MVCC provides point-in-time consistent views. Read transactions under MVCC typically use a timestamp or transaction ID to determine what state of the DB to read, and read these versions of the data. Read and write transactions are thus isolated from each other without any need for locking. However, despite locks being unnecessary, they are used by some MVCC databases such as Oracle. Writes create a newer version, while concurrent reads access an older version.
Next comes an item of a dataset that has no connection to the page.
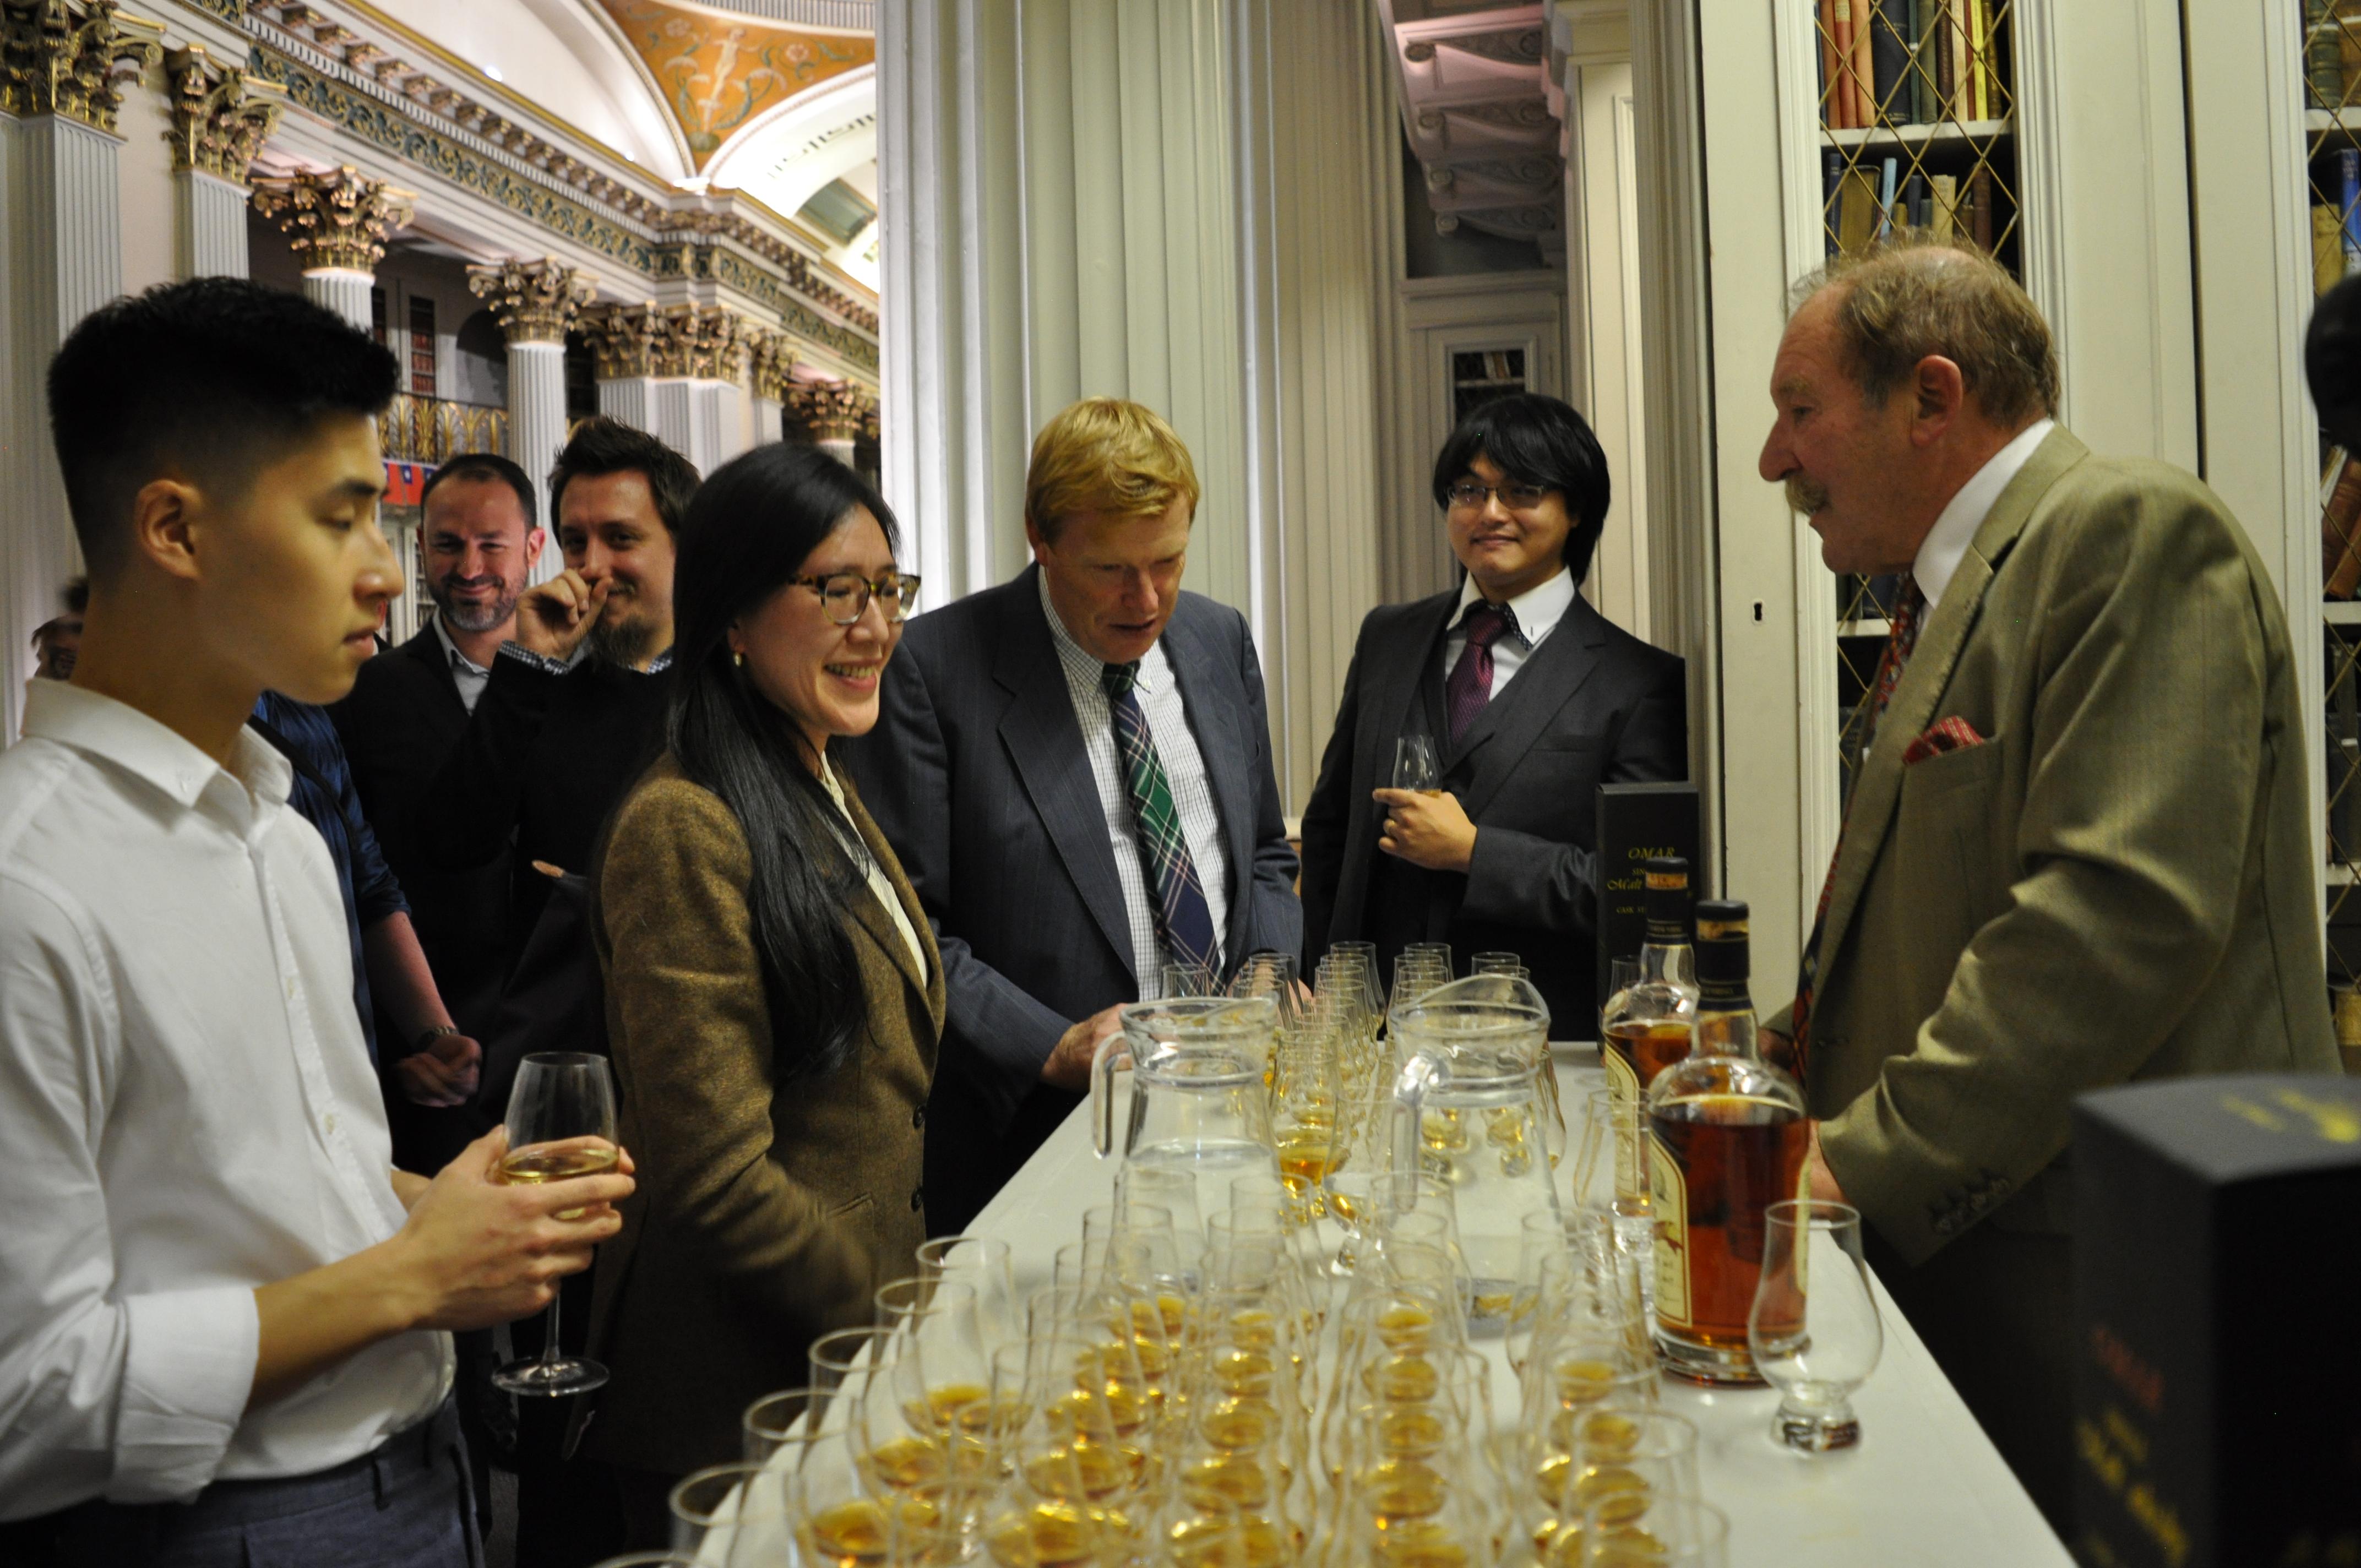 邀請蘇格蘭威士忌大師Charles MacLean帶領賓客品味台灣威士忌

https://en.wikipedia.org/wiki/Multiversion_concurrency_control

Lock Contention

Lock contention occurs when many database sessions all require frequent access to the same lock. This is also often called a "hot lock". The locks in question are only held for a short time by each accessing session, then released. This creates a "single lane bridge" situation. Problems are not noticeable when traffic is low (i.e. non-concurrent or low-concurrency situations). However, as traffic (i.e. concurrency) increases, a bottleneck is created.
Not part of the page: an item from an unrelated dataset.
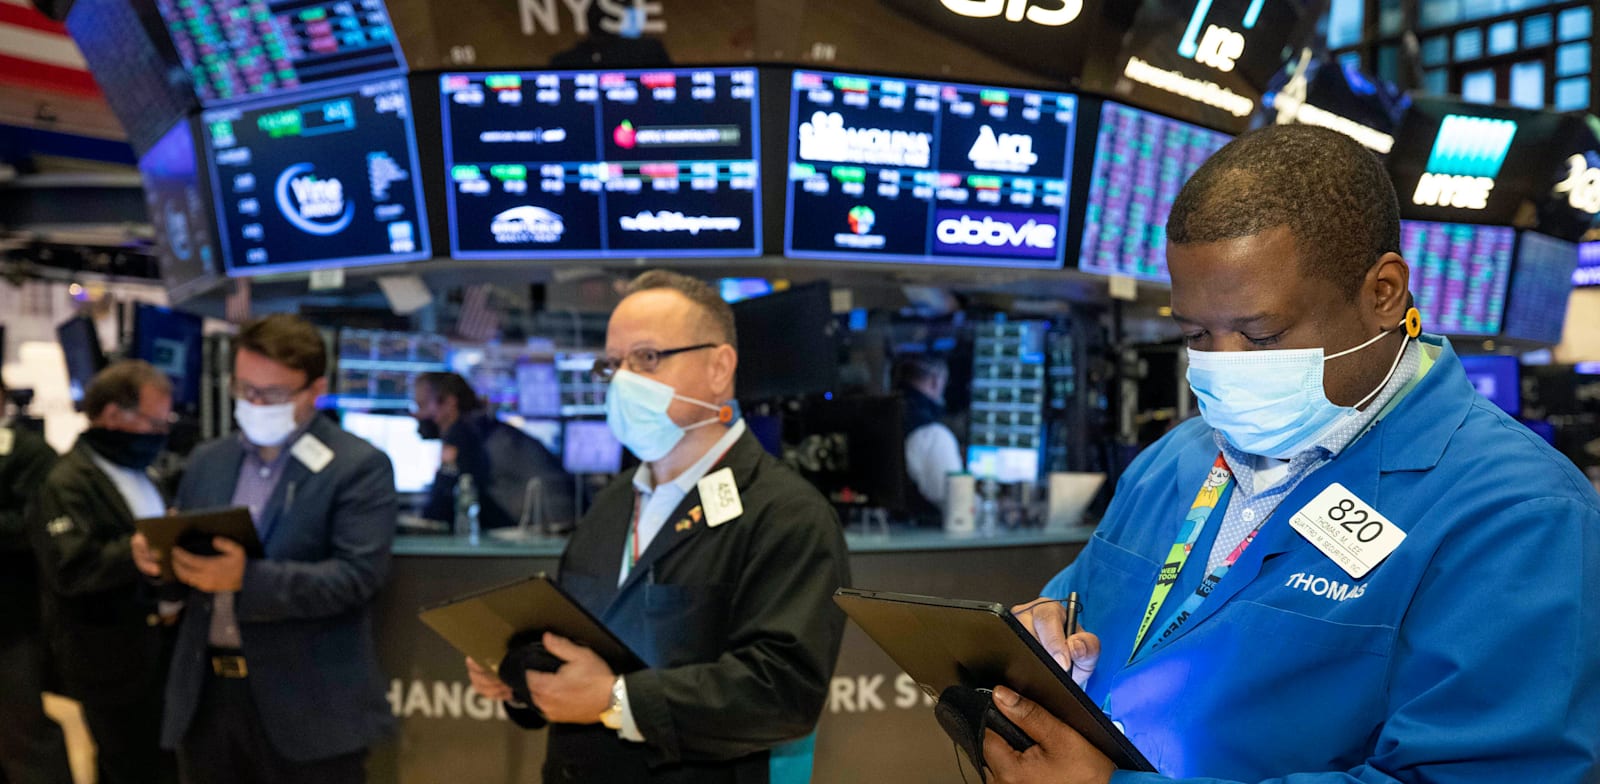 סוחרים בוול סטריט עוקבים אחרי הנעשה במדדים / צילום: Associated Press, Colin Ziemer/New York Stock Exchange

Overall, Lock Contention problems have a relatively low impact. They manifest themselves by impacting and limiting scalability. As concurrency increases, system throughput does not increase and may even degrade (as shown in Figure 1 below). Lock contention may also lead to high CPU usage on the database server.

The best way to identify a lock contention problem is through analysis of statistical information on locks provided by the DBMS

Long Term Blocking

Long Term Blocking is similar to Lock Contention in that it involves an object or lock that is frequently accessed by a large number of database sessions. Where it differs is that in this case, one session does not release the lock immediately. Instead, the lock is held for a long period of time and while that lock is held, all dependent sessions will be blocked.

Long Term Blocking tends to be a much bigger problem than Lock Contention. It can bring an entire area of functionality or even a whole system to a stand still. The locks involved in these scenarios may not be "hot" enough to lead to Lock Contention problems under normal circumstances. As such, these problems may be intermittent and very dependent on certain coincidental activity. These are the most likely to lead to "disasters" in production due to the combination of devastating impact and difficulty to reproduce.

The consequences of long term blocking problems may be abandonment. However, these problems can also often lead to further problems as frustrated users re-submit their requests. This can compound and exacerbate the problem by leading to a larger queue and consuming additional resource. In this way, the impact can expand to consume an entire system.